United States Geological Survey

https://ror.org/035a68863

124

Colorado State University

https://ror.org/03k1gpj17

32

University of Montana

https://ror.org/0078xmk34

32

New Mexico Institute of Mining and Technology

https://ror.org/005p9kw61

32

Pennsylvania State University

https://ror.org/04p491231

28

Oregon State University

https://ror.org/00ysfqy60

24

University of Oregon

https://ror.org/0293rh119

24

San Diego State University

https://ror.org/0264fdx42

20

George Washington University

https://ror.org/00y4zzh67

16

Idaho State University

https://ror.org/0162z8b04

16

Boston University

https://ror.org/05qwgg493

16

The Ohio State University

https://ror.org/00rs6vg23

16

Office of Polar Programs

https://ror.org/05nwjp114

12

Goddard Space Flight Center

https://ror.org/0171mag52

12

University of Miami

https://ror.org/02dgjyy92

12

The University of Texas at San Antonio

https://ror.org/01kd65564

12

Dartmouth College

https://ror.org/049s0rh22

12

National Aeronautics and Space Administration

https://ror.org/027ka1x80

12

Gustavus Adolphus College

https://ror.org/007q4yk54

8

University of California Davis

https://ror.org/05rrcem69

8

University of Washington

https://ror.org/00cvxb145

8

University of Chicago

https://ror.org/024mw5h28

8

Georgia Institute of Technology

https://ror.org/01zkghx44

8

Harvard University

https://ror.org/03vek6s52

8

National Park Service

https://ror.org/044zqqy65

4

Bates College

https://ror.org/003yn7c76

4

University of Tennessee at Knoxville

https://ror.org/020f3ap87

4

University of Minnesota

https://ror.org/017zqws13

4

Woods Hole Oceanographic Institution

https://ror.org/03zbnzt98

4

The University of Texas at El Paso

https://ror.org/04d5vba33

4

Texas A&M University

https://ror.org/01f5ytq51

4

University of Michigan–Ann Arbor

https://ror.org/00jmfr291

3

University of Michigan–Ann Arbor

https://ror.org/00jmfr291

1

These Affiliations and RORs were found using two different techniques. In most cases (2184) the affiliations were included in the metadata along with the individual creator. For example:

{
    "name": "Doe, Jane",
    "nameType": "Personal",
    "affiliation": [
        "UNAVCO, Inc."
    ]
}

In this case, the association of the author and the organization is clear. In some cases, however, an author appears on some datasets with affiliations and in others without. Is it possible to spread the known affiliations across the datasets which do not have affiliations in the metadata?
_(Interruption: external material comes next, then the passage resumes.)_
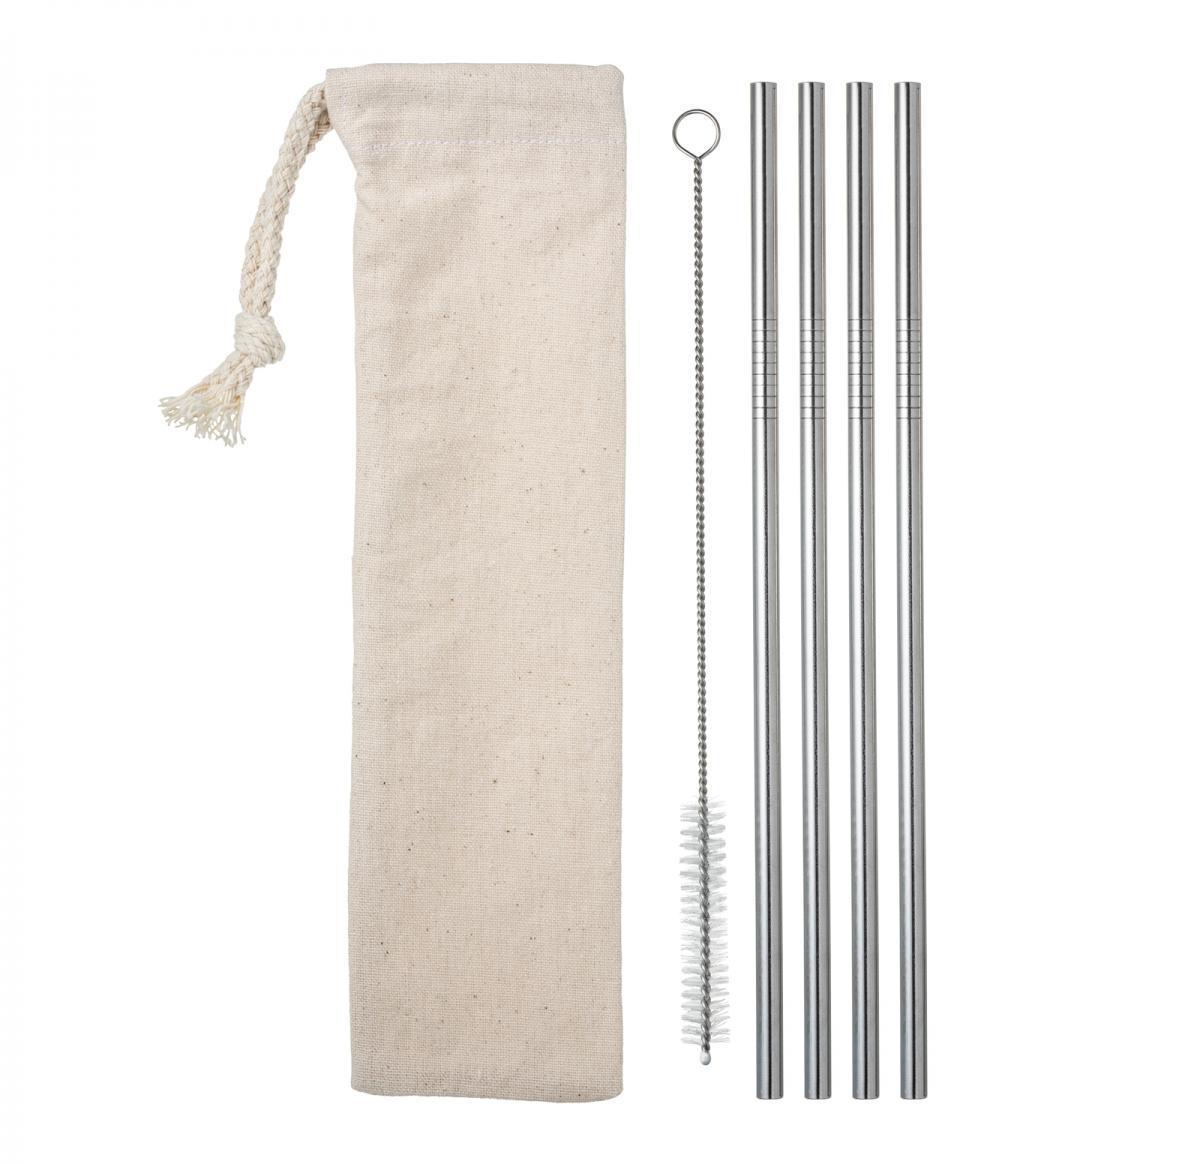 4 Stainless Steel Straws, Cleaning Brush & Pouch

In the first blog in this series, I described the process of spreading ORCIDs for dataset authors across occurrences of the authors in the metadata that did not originally include ORCIDS. This increased the number of ORCIDs in the metadata significantly and, because the association between a person and their ORCID is one-to-one, there is high confidence in the assertion of the connection between the person and the ORCID. In the affiliation case, the confidence is not so high, as authors can readily switch organizations.

This situation is illustrated in Figure 1. This author has authored nine datasets and ORCIDs are included in three of them. In this case, the ORCID connectivity for this author is 33%. The connectivity is increased to 100% by adding the ORCID for this author to the six datasets that originally had no ORCIDs, indicated by the grey arrows.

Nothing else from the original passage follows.